I laid my hands on the Sony Xperia Z2 on the first day it arrived at the Indian markets and in less than 24 hours, was extremely tempted to test its underwater shooting capability. Being the third iteration of the long successful Xperia Z series, you expect top of the line quality. Having a freshwater aquarium at home, I dunked the phone in with the video camera turned on and recorded a 1 minute 21 seconds video. To playback the video, I pulled out the phone and horror began.

The display started flickering, and I immediately realized that water had entered the phone. Running the first measures of salvaging the phone through my head, I tried turning the phone off, but the digitizer won’t register clicks and the power button too kept clicking all by itself. Even after pressing the emergency off button that Sony has resided besides the SIM Card tray, the phone would turn on automatically for no reason. In five minutes, the display died.

In a phone with removable battery, this damage can be averted by simply removing the battery, and placing the phone either in a bag of rice, or using a hair dryer or placing it over a CRT screen or a stabilizer. With a phone that doesn’t have a removable battery and no permanent ways of turning off the phone, if the power button stops functioning, you have a phone that’ll stay on no matter what you try or do. Running electricity and water are the best recipe for disaster here.

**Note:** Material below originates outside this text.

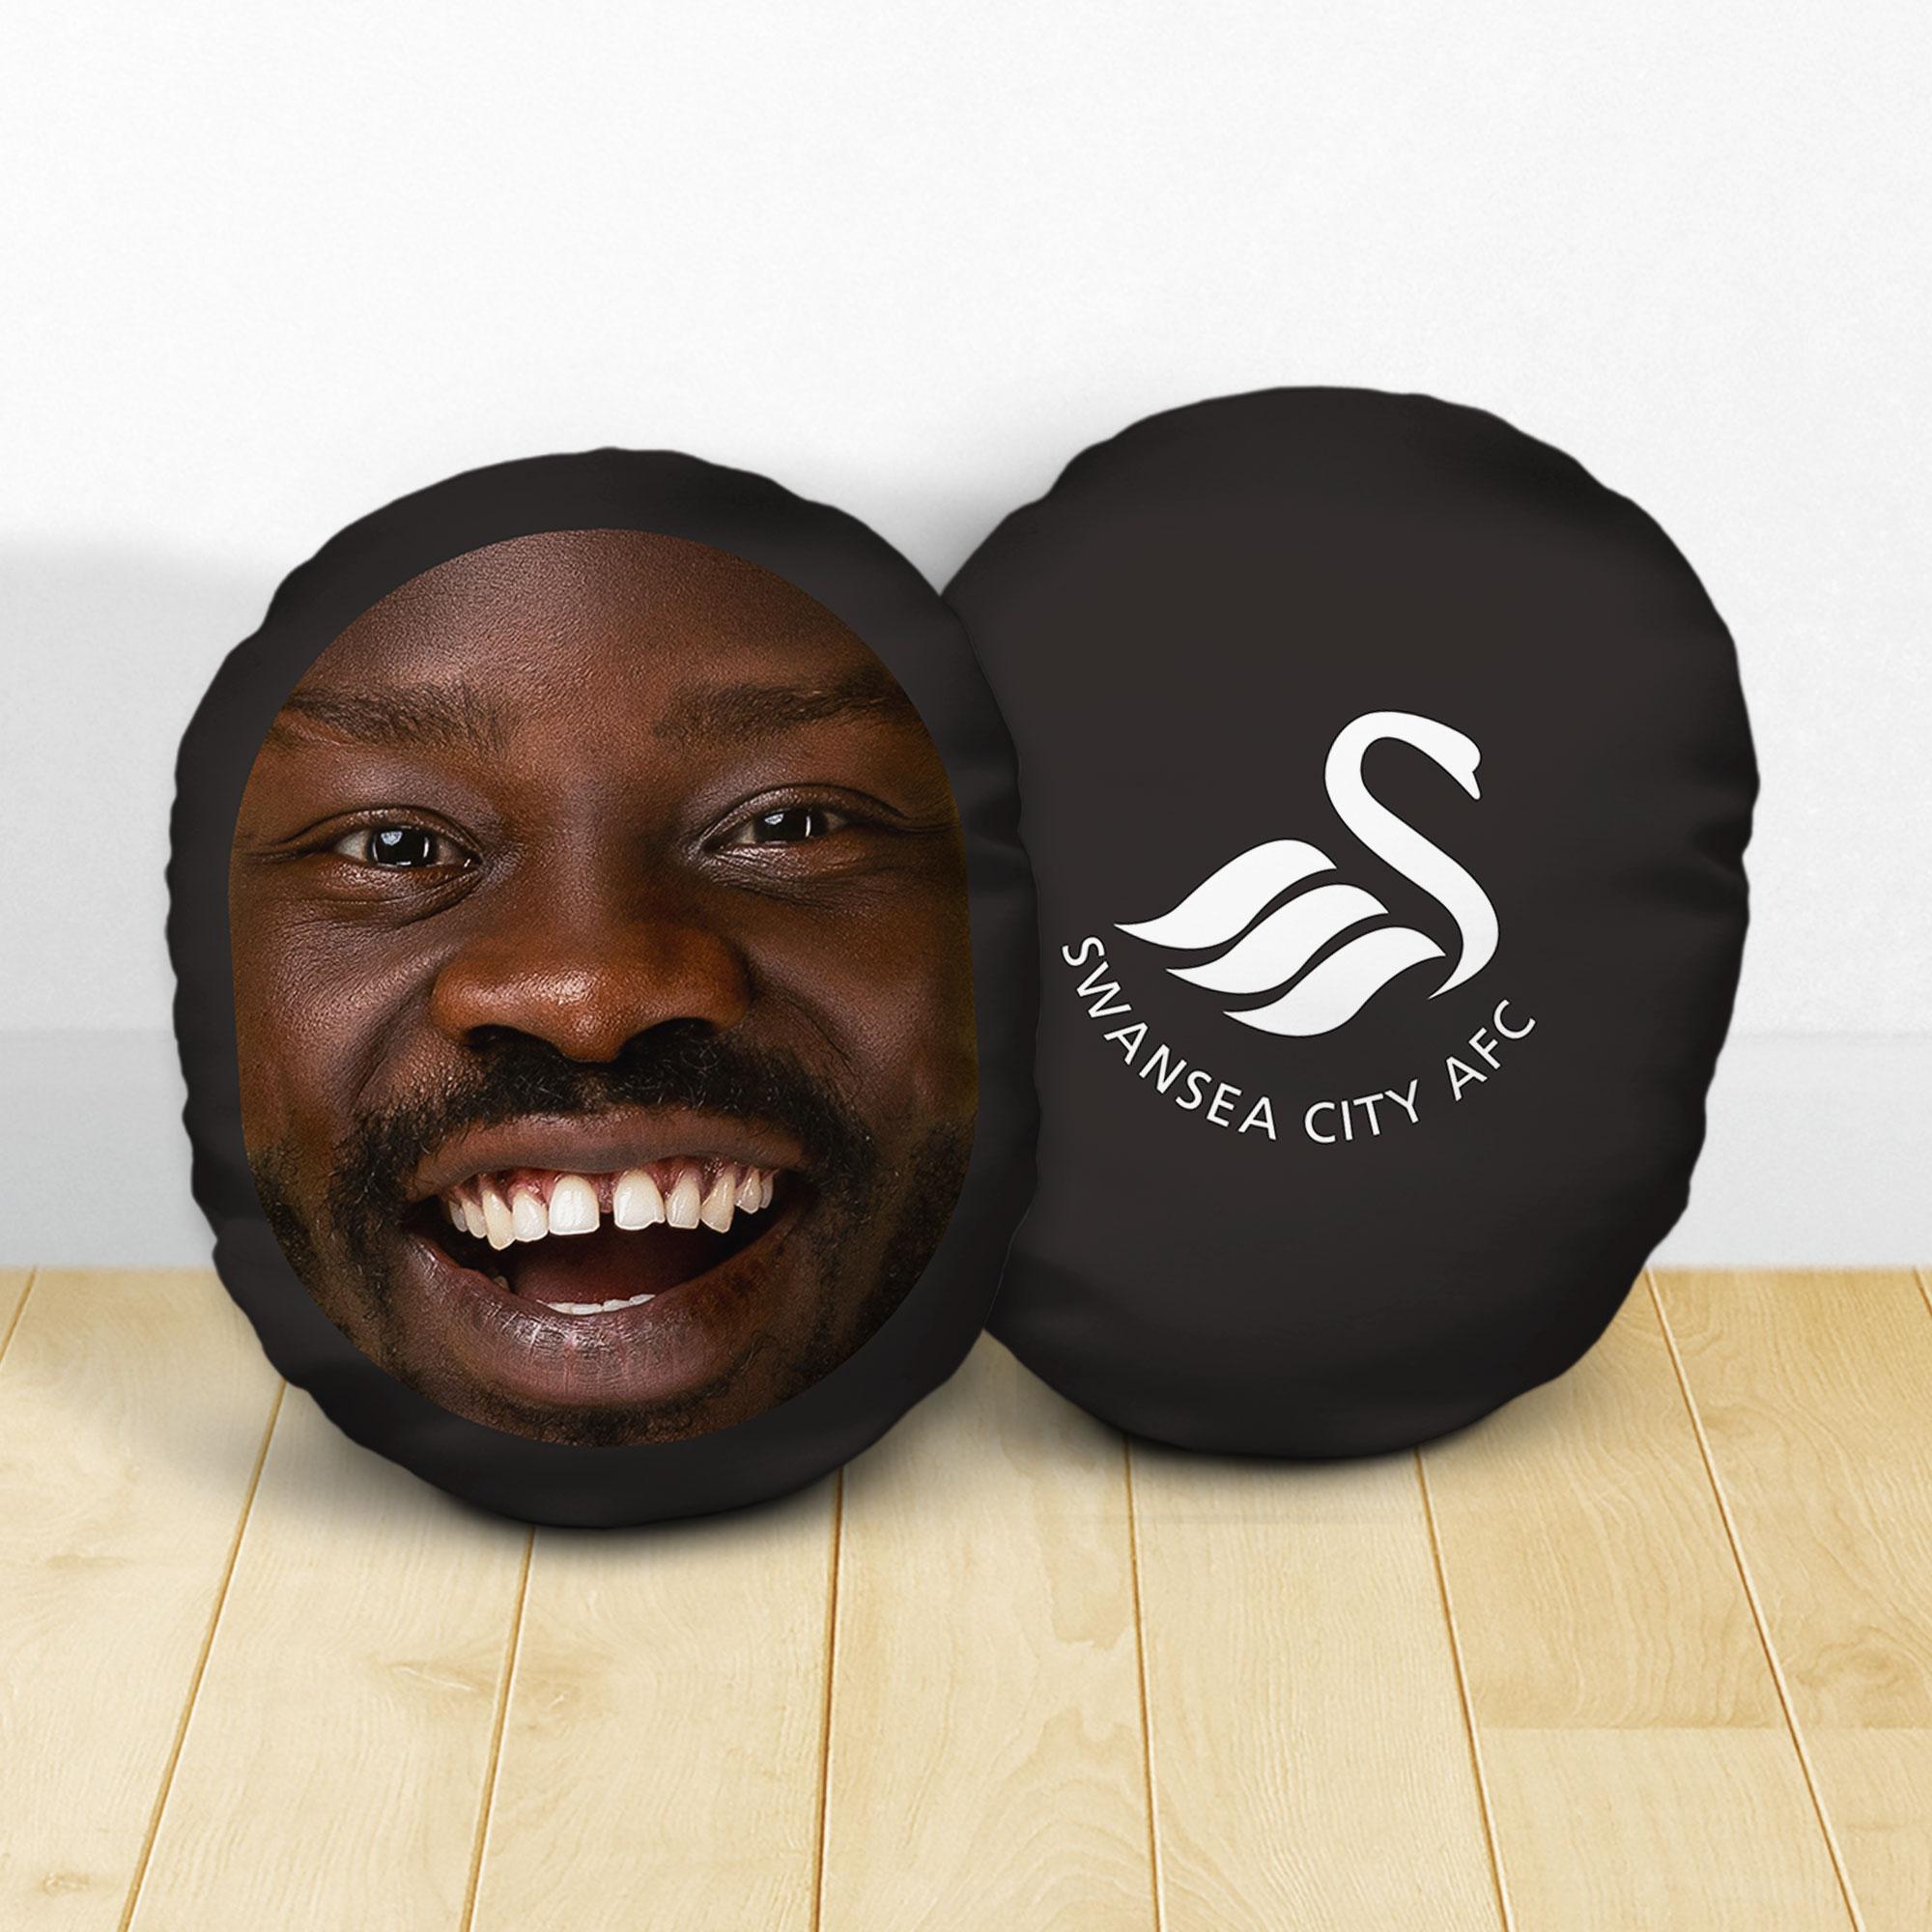 Personalised Swansea City AFC Crest Mush Cush

Getting back to the phone, the front and rear camera were now covered in moisture even when the flaps were secured in place. So to show the extent of damage and assess the waterproofing, I immediately rushed to a nearby service center (only 2 kms away) and complained of how a waterproof phone got filled with water in less than two minutes and barely 4 cm of depth. The technician collected the phone and rushed in to inspect, but returned in less than a minute.

Now here’s how customers are treated by Sony Mobile. In the little time the technician had with my phone, I’d rather not call this guy an engineer, he had already inspected the phone. He showed me that the water damage strip inside the SIM card slot had turned RED, a sign of liquid damage due to user mishandling and therefore concluded that the phone’s warranty was void and had to be replaced under Accidental Damage Protection (ADP), a plan that Sony offers for a one time free replacement within Six months of purchase for any damage that happens due to the user.

My question to the learned technician and all of Sony Mobile customer representatives is simple. How you straight away link liquid damage to user mishandling, and how can you do so within a minute. Also, in the HIGHLY UNLIKELY case of it being a manufacturing defect with the phone, would you continue to blame the user and make him bear the expense of it?

I spoke to the customer care executive, the senior customer care executive and what not, but the only reply I received is that it cannot be considered a manufacturing defect and that Sony phones are made under the best possible manufacturing conditions, which makes it impossible for the water to have gone in from elsewhere and blah blah.

An Accidental Damage Protection plan is designed to save the user from having to bear the cost of an Accidental Damage like him smashing the phone against the floor or dipping it in water deeper than 1.5m or maybe in a washing machine where the water pressures are much higher than the device is rated for. It is not to cover manufacturing defects of the phone. While most Sony executives would disagree, I suggest they see the following pics and assess for themselves.

The front glass is slightly off, resulting in a not so waterproof fit and hence the water damage.

For Sony:

We buy your phones in good spirit assuming everything you market and advertise so hard with our money is entirely true. While I agree a lot of users would cover up their mistakes in the name of warranty and try to save money, you need to have a better mechanism of customer redressal than simply suggesting that all that goes wrong is the user’s fault.

No one tests the phone for waterproofing at the time of purchase, and it would only be in your favour if you had a water testing facility at your service centers, which at present, here in New Delhi, is non-existent.

For Users:

I’d suggest you to stay away from dipping your phones into water or spraying it with water unless you’ve really scrutinized in depth the joints, the side panels and maybe still, you could end up with a dead phone. You may want to get it water tested at Sony Mobile service centers, but its highly unlikely that they would do it for you as of now.